Increases importance in dealing with WAR, WAW and structural stalls.

Techniques:
Loop unrolling, Basic pipeline scheduling, Scoreboarding, Register renaming, Dynamic branch prediction, Issuing multiple instructions per cycle, Compiler dependence analysis, Software pipelining and trace scheduling, Speculation, Dynamic memory disambiguation

Pipeline scheduling:
Compiler seeks to separate a dependent instruction from the source instruction by a distance (in clk cycles) equal to the pipeline latency of the source.
Instructions are reordered, offsets adjusted.

Pipeline scheduling/Loop unrolling

Pipeline scheduling and loop unrolling improves scheduling by:
It eliminates branches.
It allows instructions from different iterations to be scheduled together, it exposes parallelism.

Dependences:
Properties of programs.
Indicate the potential for a hazard.
Actual hazard and the length of any stall is a property of the pipeline.

Three types:
Data, name and control.

Data dependencies can be overcome:
Maintaining the dependence but avoiding a hazard (hardware and software).
Eliminating the dependence by transforming the code (software only).
Fold computation into an offset.

Dependencies:

Name Dependences:
Occur when two instructions use the same register or memory location but there is NO flow of data between instructions that use that name.
Antidependence, Output dependence.
Can be executed out of order or in parallel.
Register renaming can either be done by the compiler or the CPU.

Control Dependences
A control dependency determines the ordering of the instructions with respect to branch instructions.
Preserving control dependence is not important -- program correctness is.
Preserving exception behavior, Preserving data flow

Control stalls can be avoided by:
Scheduling instructions in delay slots.
Loop unrolling.
Conditional execution.
Speculation (by both compiler and CPU).

Dynamic scheduling

The CPU rearranges the instructions (while preserving dependences) to reduce stalls.

Advantages over static (compiler) schemes:
Handles dependencies that are UNknown at compile time (i.e., a memory reference.)
Allows code compiled with one pipeline in mind to run efficiently on a different pipeline.

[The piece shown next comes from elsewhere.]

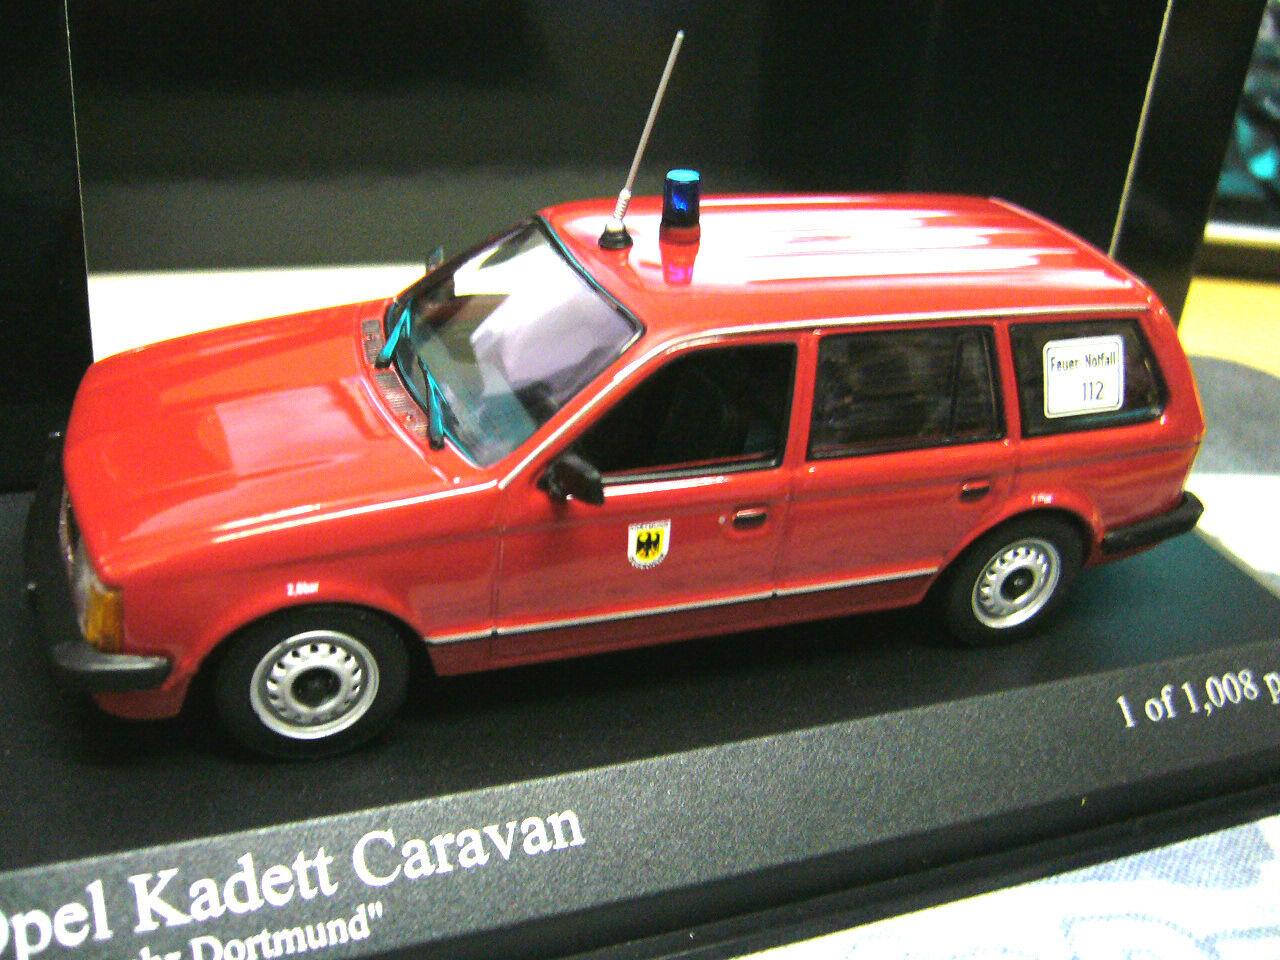 OPEL Kadett D Kombi Caravan pompiers 1979 Dortmund Minichamps pma 1 43

Out-of-order execution: Split ID into:
Issue: Decode and check for structural.
Read operands: Wait until no data hazards and read operands.

Scoreboarding:
Goal: to maintain an execution rate of one instruction per cycle.
Instructions can bypass each other in Read Operands. WAW hazards possible.
Hazard detection and resolution are centralized.

Dynamic scheduling

Scoreboarding:
Issue (IS)
The functional unit is available and
No other active instruction has the same destination register.
This avoids WAW hazards and structural hazards.

Read Operands (RD)
Resolves RAW hazards dynamically

Write result (WB)
The scoreboard checks for WAR hazards and stalls the completing instruction if necessary.

Components of the system:
Instruction status, Functional unit status, Register result status

Distinguishing between RAW and WAR:
Check the value of Rj or Rk for Yes

Dynamic scheduling

Scoreboarding: Limitations:
ILP, Size of the "issued" queue, Number, types, and speed of the functional units, The presence of antidependences and output dependences.

Tomasulo's approach:
A technique to allow execution to proceed in the presence of hazards.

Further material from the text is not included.